A splash of green new growth add contrast to fire effected area

New growth after controlled burn

new growth after controlled burn, charcoal branches

The vibrant green new growth of the grass tree after a controlled burn

Mother nature rebounds awfully quick after a fire. The nutrient returned to the soil generate some rapid regrowth in a lot of species. Normally the grass tree has lots of past needles, but these ones have been trimmed by the controlled burn. The grass trees which can take a long time to grow, estimated to grow about 5-6cm per year. Now there are about 25 species in the family, I have no idea which ones these are. The larger tree off to the right is about 7-8ft tall. So it could have taken 400 years to get to that height.
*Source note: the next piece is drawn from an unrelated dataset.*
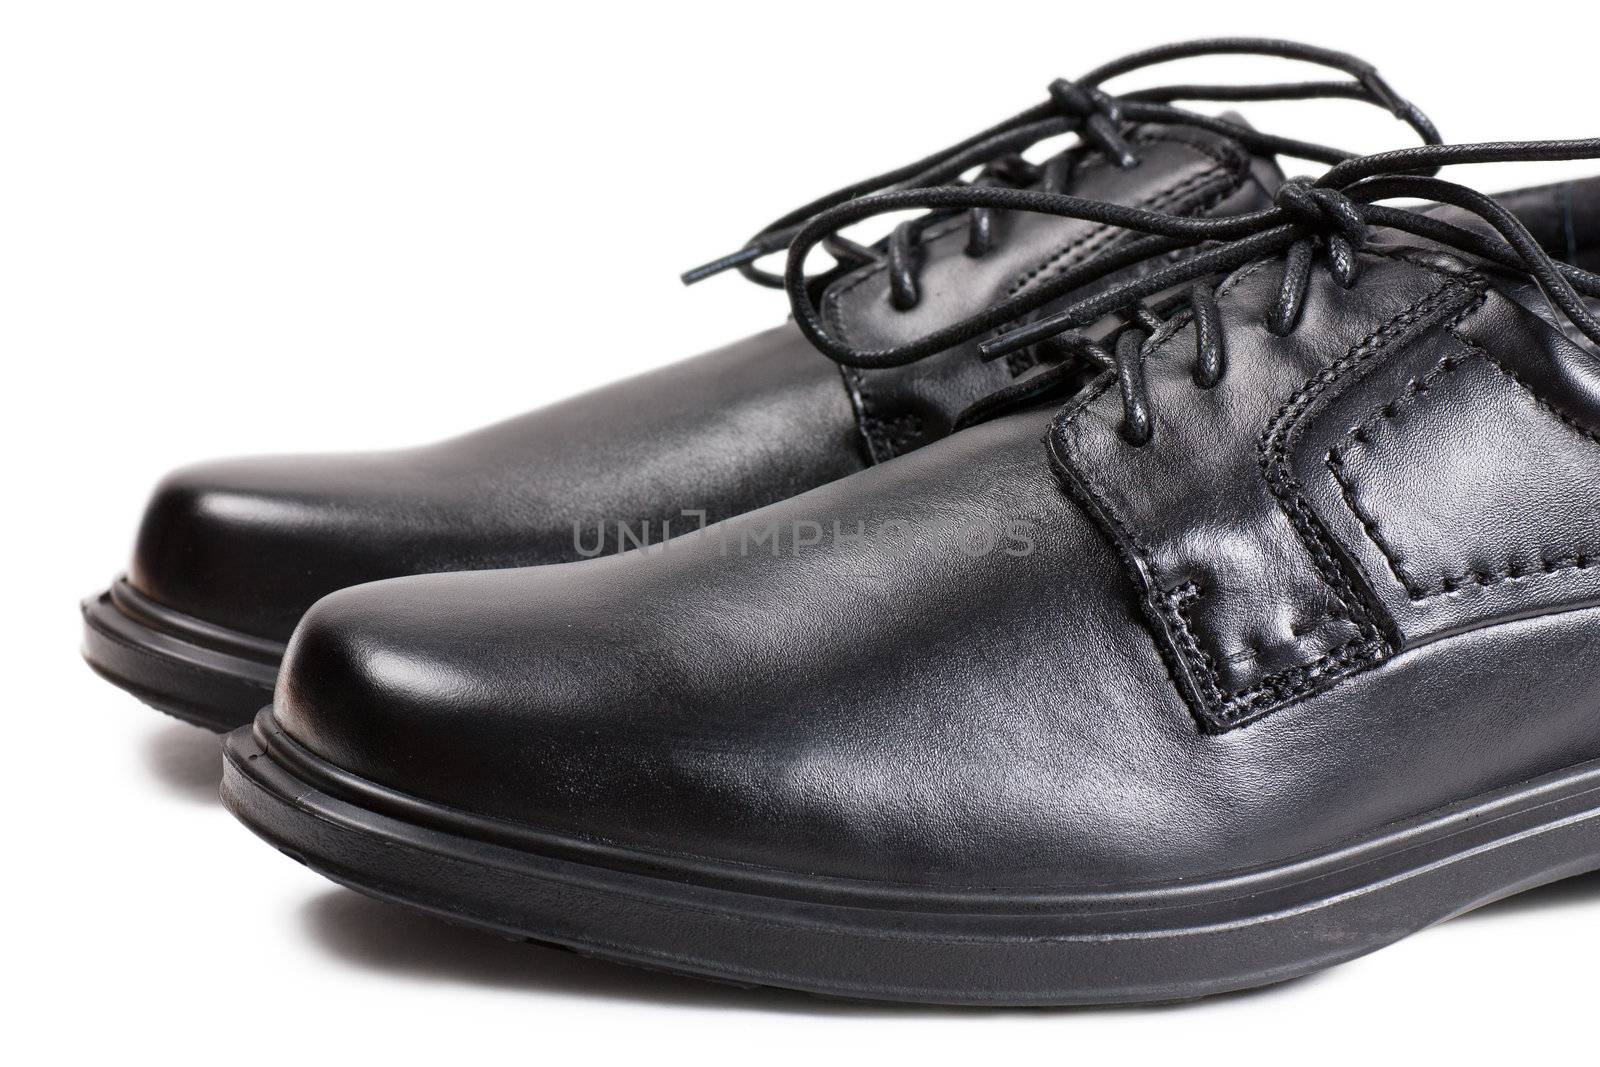 Macro view of men black shoes with black laces
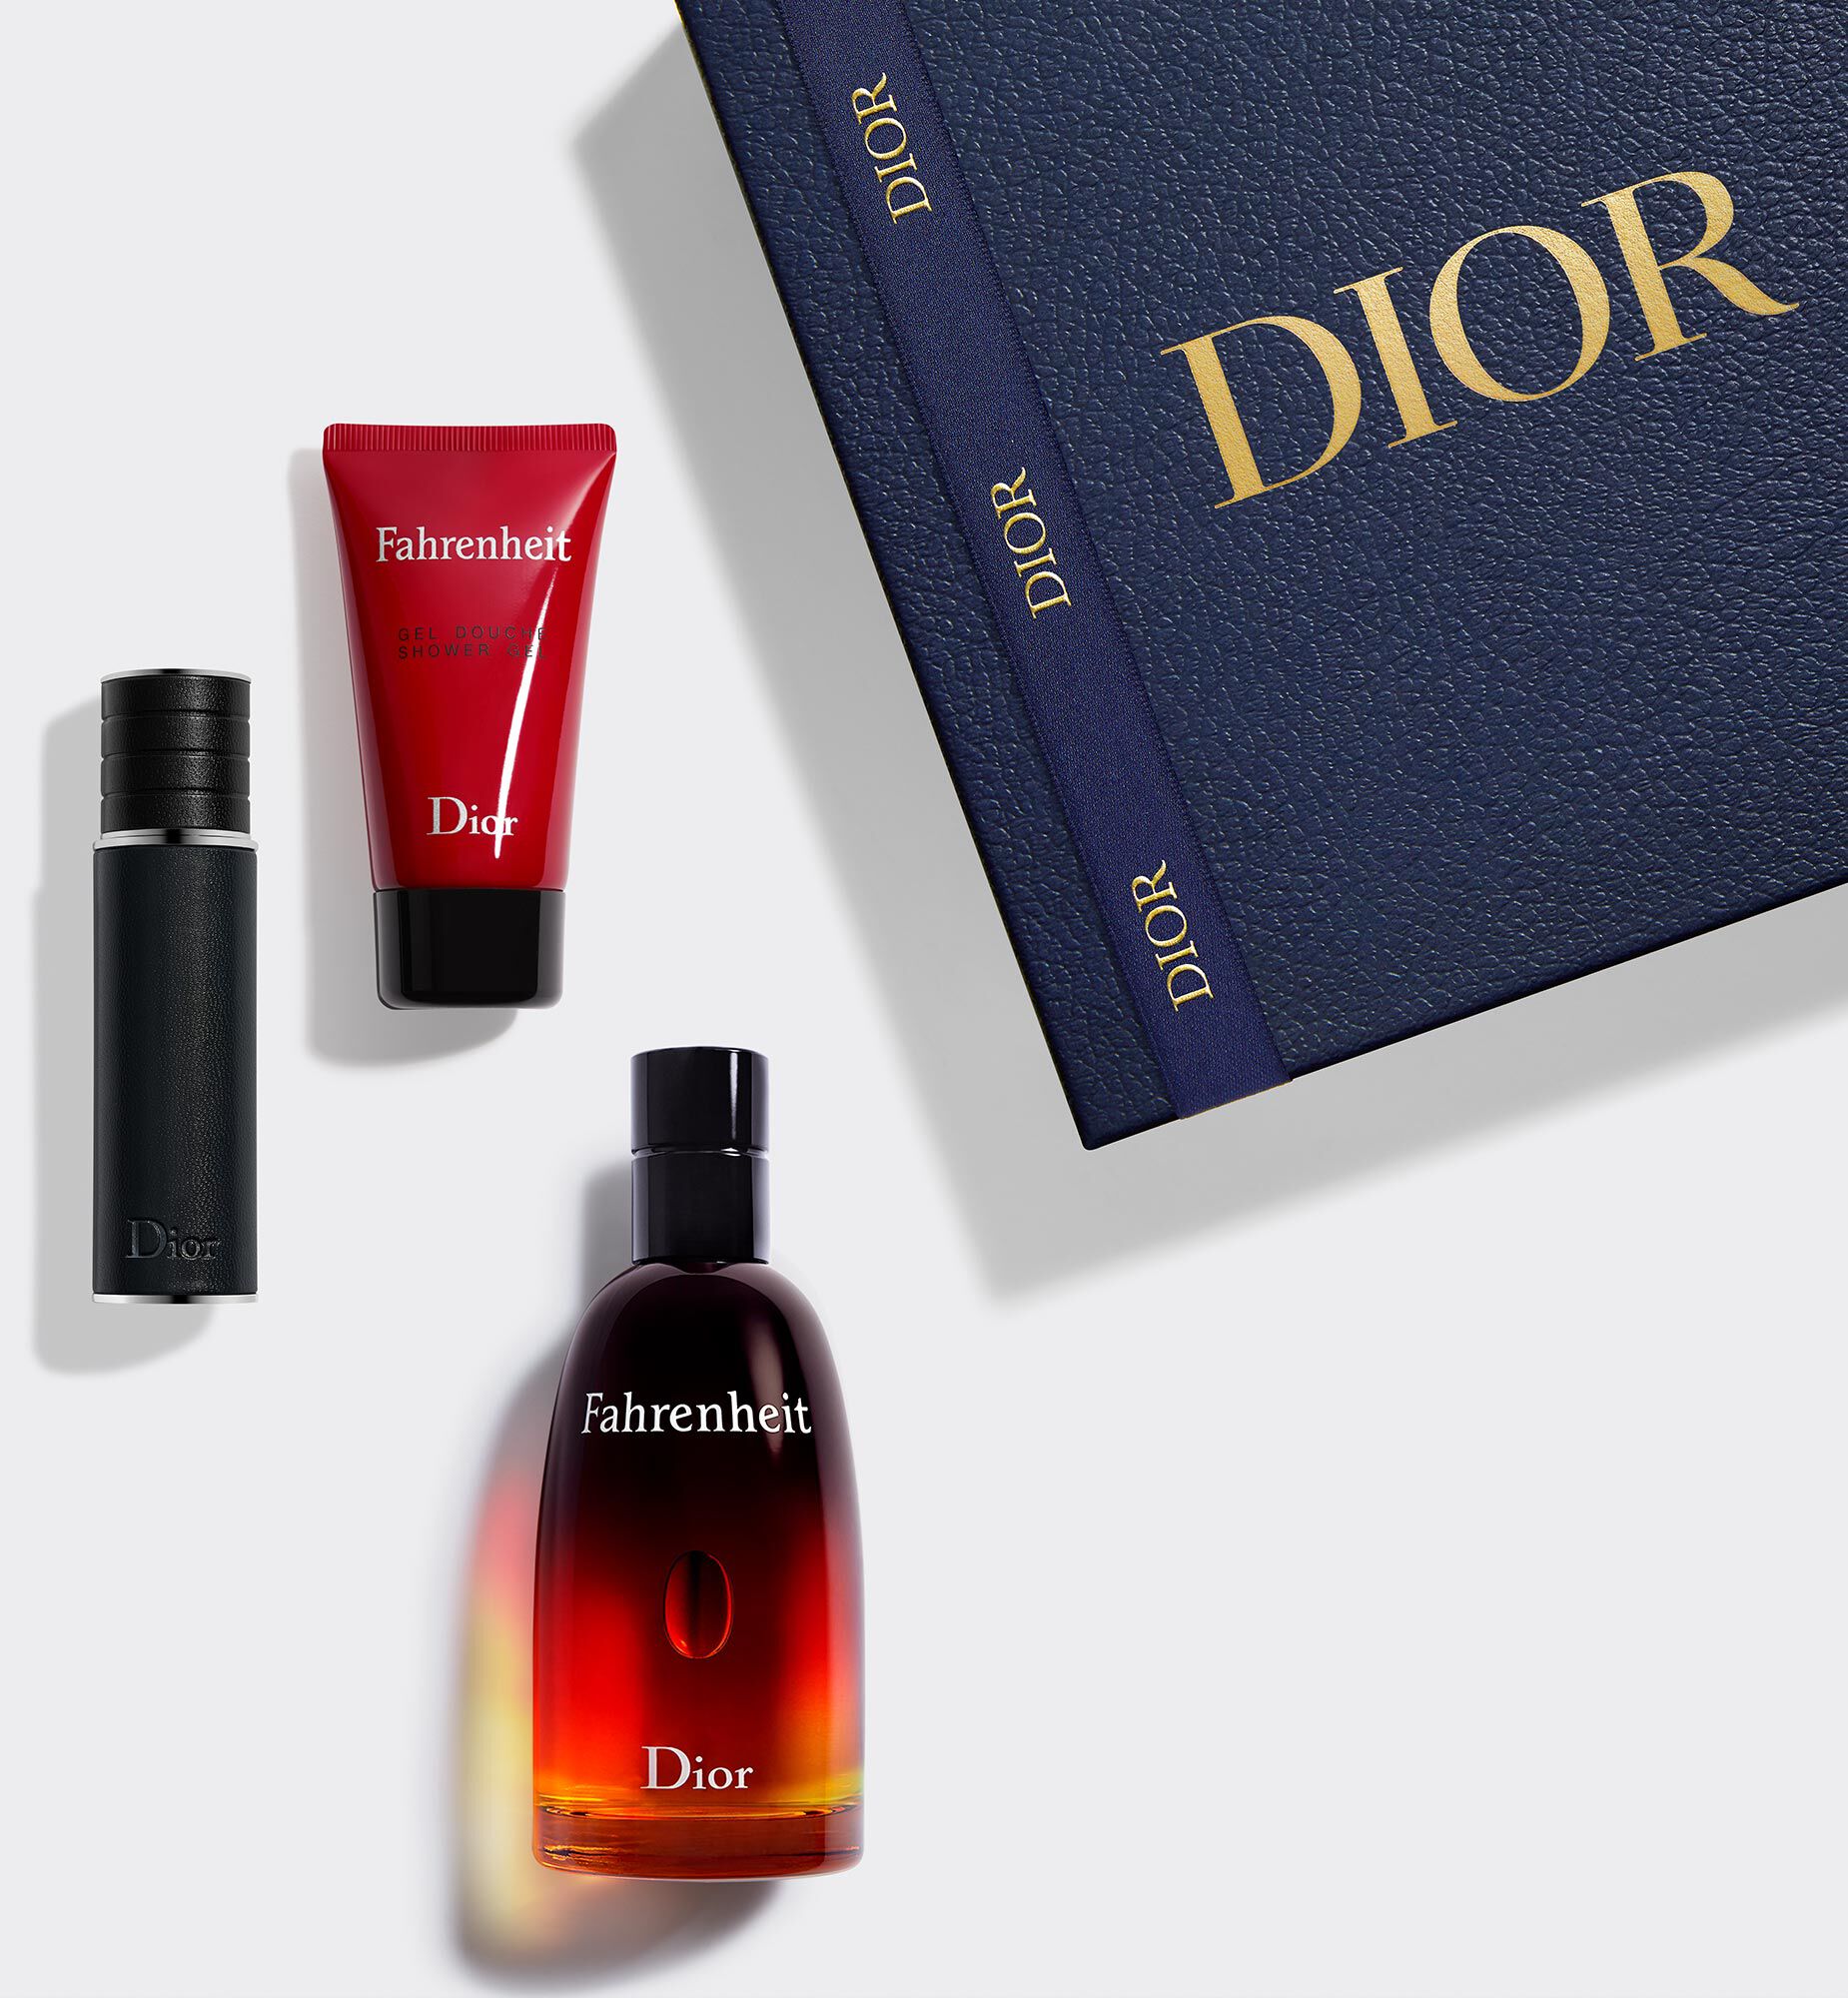 Mua Christian Dior Fahrenheit Eau de Toilette  50 ml trên Amazon Anh chính  hãng 2023  Giaonhan247

I had been out shooting the sunrise at nearby Point Lookout. The weather didn’t cooperate, but that’s fine. I’m always on the lookout for a new scene to photograph. As I drove past this area that had been part of a controlled burn. I noticed all the black trees and burn out forest floor. At first it wasn’t really inviting, but then I noticed some patches of colour coming from the grass trees. I pulled over and went investigating. The patch of grass trees in the shot was a very concentrated area of them, perfect for photographing.


3 thoughts on “A splash of green new growth add contrast to fire effected area

  1. I love to watch how nature recovers, what species first populate an area. These seem ‘placed’ there, almost arranged – very interesting – compared to the wild hodgepodge of forbs that spring up in the boreal forest after a burn.

    1. It definately was a small concentrated area of these grass tree. It’s funny because 100m in one direction from that location and there isn’t any grass trees.. So likely a pattern of it’s own germination I guess. Definately not new trees, just the new shoots coming out of the resiliant charred “trunk”. I have seen it in various other area on Stradbroke Island too. Thanks for the comment Cindy.